___ THE DATA ___
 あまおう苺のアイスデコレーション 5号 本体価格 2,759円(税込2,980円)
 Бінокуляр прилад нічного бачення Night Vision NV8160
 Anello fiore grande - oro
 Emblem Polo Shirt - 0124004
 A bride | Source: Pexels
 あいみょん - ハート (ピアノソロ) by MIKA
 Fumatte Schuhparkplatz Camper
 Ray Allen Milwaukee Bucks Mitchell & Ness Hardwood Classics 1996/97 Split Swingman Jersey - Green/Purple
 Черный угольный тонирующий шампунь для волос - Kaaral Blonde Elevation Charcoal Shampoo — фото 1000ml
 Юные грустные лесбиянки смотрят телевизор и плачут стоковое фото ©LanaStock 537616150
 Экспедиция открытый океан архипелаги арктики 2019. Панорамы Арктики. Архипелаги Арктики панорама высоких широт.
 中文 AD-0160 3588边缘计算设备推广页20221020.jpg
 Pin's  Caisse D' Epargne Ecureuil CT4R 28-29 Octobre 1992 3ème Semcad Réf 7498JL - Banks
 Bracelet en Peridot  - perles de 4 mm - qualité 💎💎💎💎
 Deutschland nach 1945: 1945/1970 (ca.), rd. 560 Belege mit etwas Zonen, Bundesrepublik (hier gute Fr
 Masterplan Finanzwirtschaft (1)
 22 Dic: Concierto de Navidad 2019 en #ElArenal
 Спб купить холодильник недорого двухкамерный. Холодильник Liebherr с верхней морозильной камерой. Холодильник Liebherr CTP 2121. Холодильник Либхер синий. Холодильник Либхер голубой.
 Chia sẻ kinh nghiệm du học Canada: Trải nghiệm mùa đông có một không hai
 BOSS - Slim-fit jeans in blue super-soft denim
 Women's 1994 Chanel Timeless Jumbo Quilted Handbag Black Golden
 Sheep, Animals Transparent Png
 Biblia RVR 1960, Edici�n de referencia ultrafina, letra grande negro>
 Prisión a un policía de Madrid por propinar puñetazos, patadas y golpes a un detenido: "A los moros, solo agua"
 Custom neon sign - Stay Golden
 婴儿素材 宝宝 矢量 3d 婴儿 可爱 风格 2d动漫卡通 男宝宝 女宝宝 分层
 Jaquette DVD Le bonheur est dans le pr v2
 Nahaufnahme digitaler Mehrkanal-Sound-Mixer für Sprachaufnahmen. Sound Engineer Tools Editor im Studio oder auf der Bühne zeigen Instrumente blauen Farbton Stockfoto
___
### WORK INSTRUCTIONS
Nothing but the lines from the line with "Sheep, Animals Transparent Png" to the last line of the listing above should appear; please retype them exactly, both ends included.

### OUTPUT FOR THIS EXERCISE
 Sheep, Animals Transparent Png
 Biblia RVR 1960, Edici�n de referencia ultrafina, letra grande negro>
 Prisión a un policía de Madrid por propinar puñetazos, patadas y golpes a un detenido: "A los moros, solo agua"
 Custom neon sign - Stay Golden
 婴儿素材 宝宝 矢量 3d 婴儿 可爱 风格 2d动漫卡通 男宝宝 女宝宝 分层
 Jaquette DVD Le bonheur est dans le pr v2
 Nahaufnahme digitaler Mehrkanal-Sound-Mixer für Sprachaufnahmen. Sound Engineer Tools Editor im Studio oder auf der Bühne zeigen Instrumente blauen Farbton Stockfoto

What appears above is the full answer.